People whose circumstances may make them vulnerable

Good

Updated 9 January 2017

The practice is rated as good for the care of people whose circumstances may make them vulnerable.

  • The practice held a register of patients living in vulnerable circumstances including homeless people and those with a learning disability.

  • The practice had 42 patients registered as having a learning disability and had offered annual health checks to all of these patients. 25 of these health checks had been completed in the last 12 months. The practice offered longer appointments for patients with a learning disability.

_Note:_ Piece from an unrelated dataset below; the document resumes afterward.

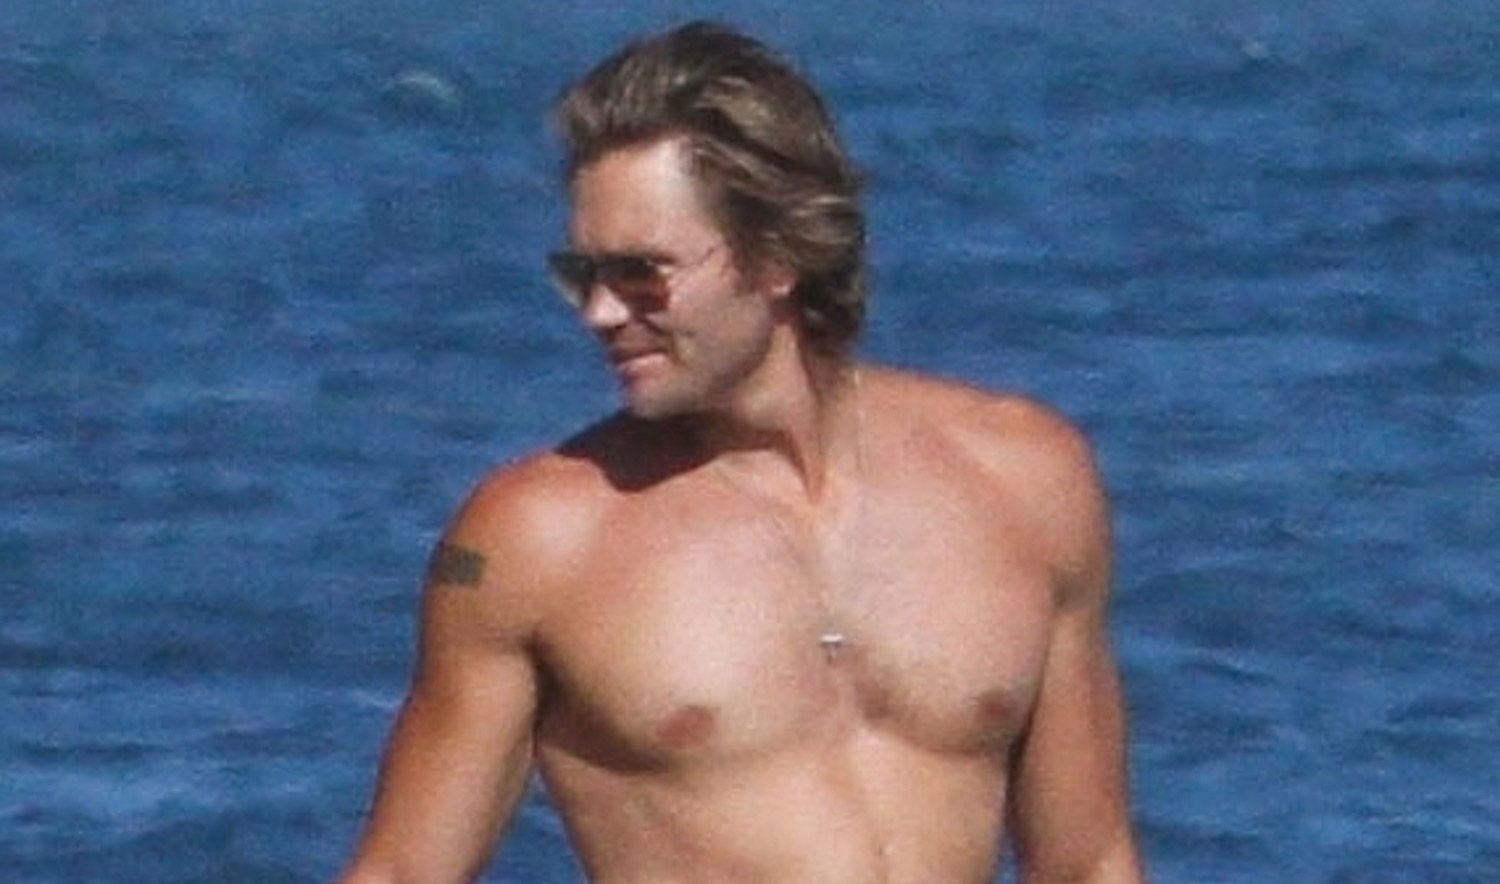 Chad Michael Murray Looks So Hot in These New Shirtless Beach Photos!

  • The practice’s computer system alerted GPs if a patient was also a carer. The practice had identified 88 patients as carers, which represented 1% of the non-student practice population. Staff told us they found that their student patient population who were away from home in term-time were unlikely to having caring responsibilities.

  • The practice regularly worked with other health care professionals in the case management of vulnerable patients.

  • The practice informed vulnerable patients about how to access various support groups and voluntary organisations.

  • Staff knew how to recognise signs of abuse in vulnerable adults and children. Staff were aware of their responsibilities regarding information sharing, documentation of safeguarding concerns and how to contact relevant agencies in normal working hours and out of hours.